The recombinant E. coli cells obtained in step 2 were shaken for 12 hours in liquid Luria medium (6% bactotrypton, 0.5% yeast extract, 1% sodium chloride) containing 50 μg / ml of empicillin. 3 ml of the culture was added to 300 ml of M9 medium (40 mM K ₂ HPO ₄ , 22 mM KH ₂ PO ₄ , 8.3 mM NaCl, 18.7 mM NH ₄ Cl, 1% glucose, 0.1 mM MgSO ₄ , 0.1 mM CaCl ₂ , 0.4% casamino acid , 10µg / ml Vit.B1, 40µg / ml Empicillin) and shake culture at 37 ° C. for about 4 hours, and the final concentration of indoleacrylic acid (IAA) was about 50µg at 650nm. / ml was added. About 4 hours after the addition of IAA, the absorbance of the cell culture was measured, and E. coli cell precipitates were collected by centrifugation at 11,000 rpm for 25 minutes using a centrifuge (Beckman J2-21, JA14 roter). The harvested cell precipitate was confirmed by expression of 15% polyacrylamide gel electrophoresis in the presence of SDS according to the method of Lamli (Laemmli, Nature, 227, 680 (1970)). Figure 4 is the result of confirming the expression of Zopibolac growth hormone by SDS polyacrylamide gel electrophoresis. Here, the first column is E. coli culture cell lysate containing no expression vector, the second column is E. coli culture cell lysate containing the expression vector ptrp 3HI KrGH of the present invention, and column M is a standard molecular weight labeling protein. .

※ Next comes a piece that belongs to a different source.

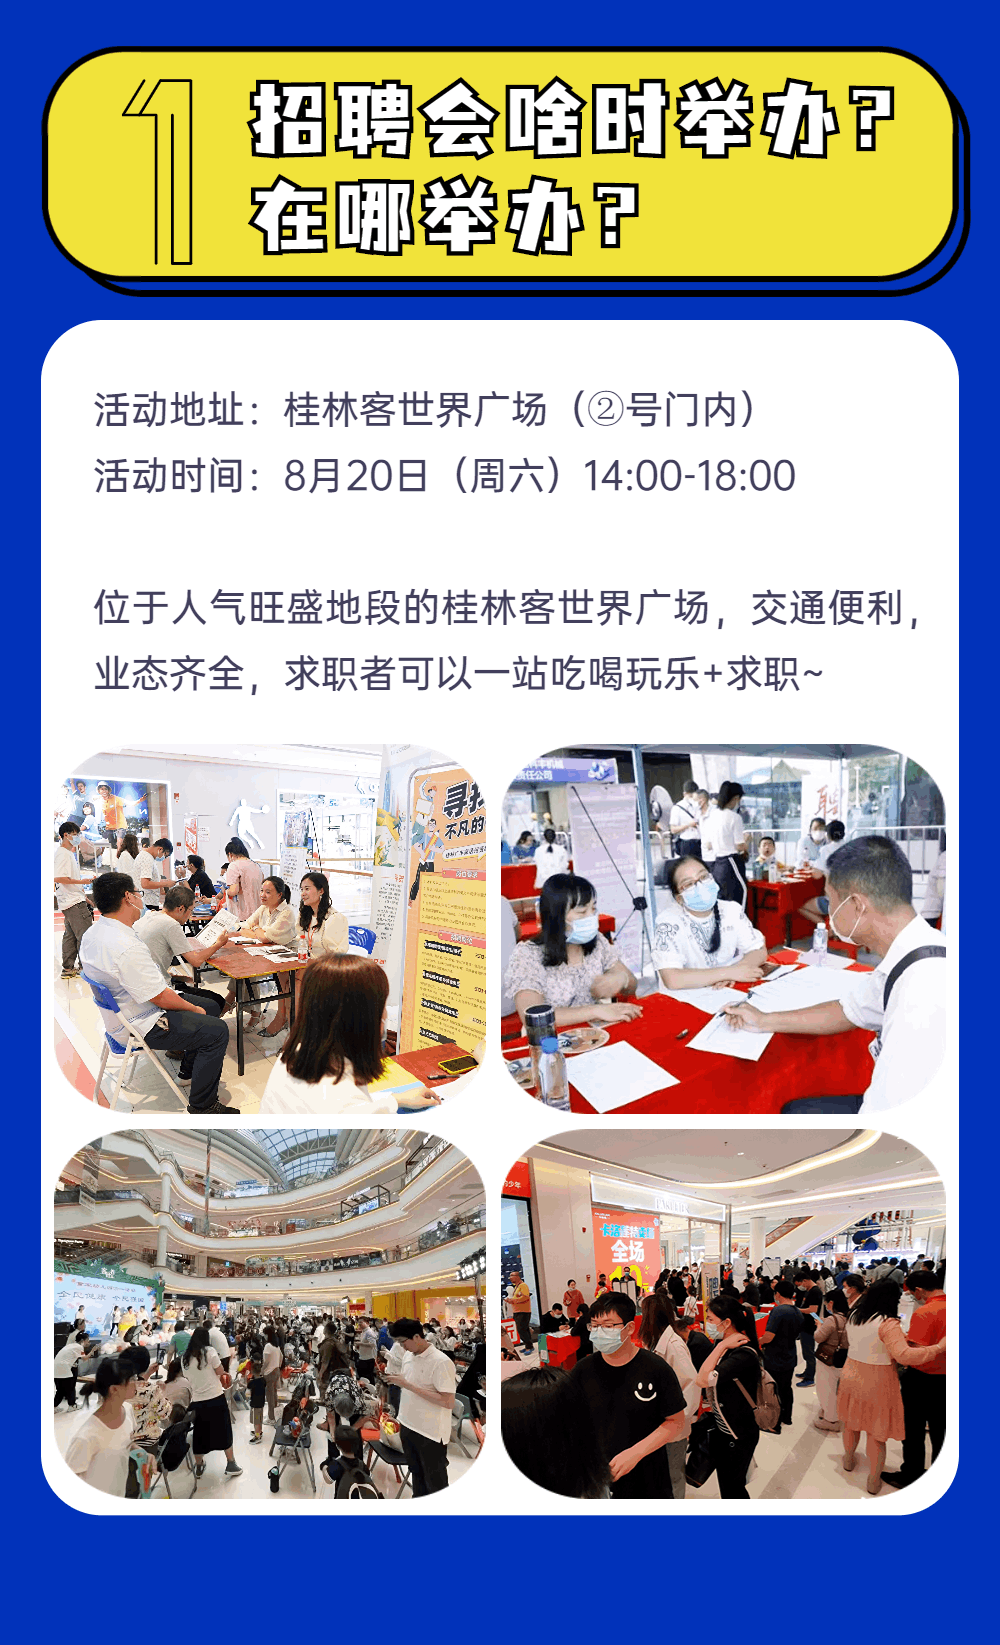 定了！就在8月20日，桂林客世界廣場！有空調的室內招聘會！這些桂林名企會參加！點我看劇透……

As described above, in the present invention, the phytoplank growth hormone gene, which has not been reported so far, is first isolated, the nucleotide sequence and the amino acid sequence are identified, the E. coli expression vector containing the gene is prepared, and then cloned into the E. coli strain. By culturing, it is possible to genetically produce Zhibolbolac Growth Hormone, which can contribute to improving food conversion efficiency and promoting growth of cultured fish.

Claims (8)

Zofibolac growth hormone protein comprising the following amino acid sequence. The gene encoding the Jopibolac growth hormone protein of claim 1. The gene according to claim 2, which has a nucleotide sequence shown in FIG. An expression vector comprising the gene of claim 2. The plasmid ptrp3HI KrGH according to claim 4. E. coli transformed with the expression vector of claim 4. E. coli W3110 / ptrp3HI KrGH (KCTC 0283BP). E. coli is cultured in a condition suitable for the expression of zolbolac growth hormone, and the method for producing zolvolac growth hormone comprising the step of separating and purifying the produced zolbolac growth hormone.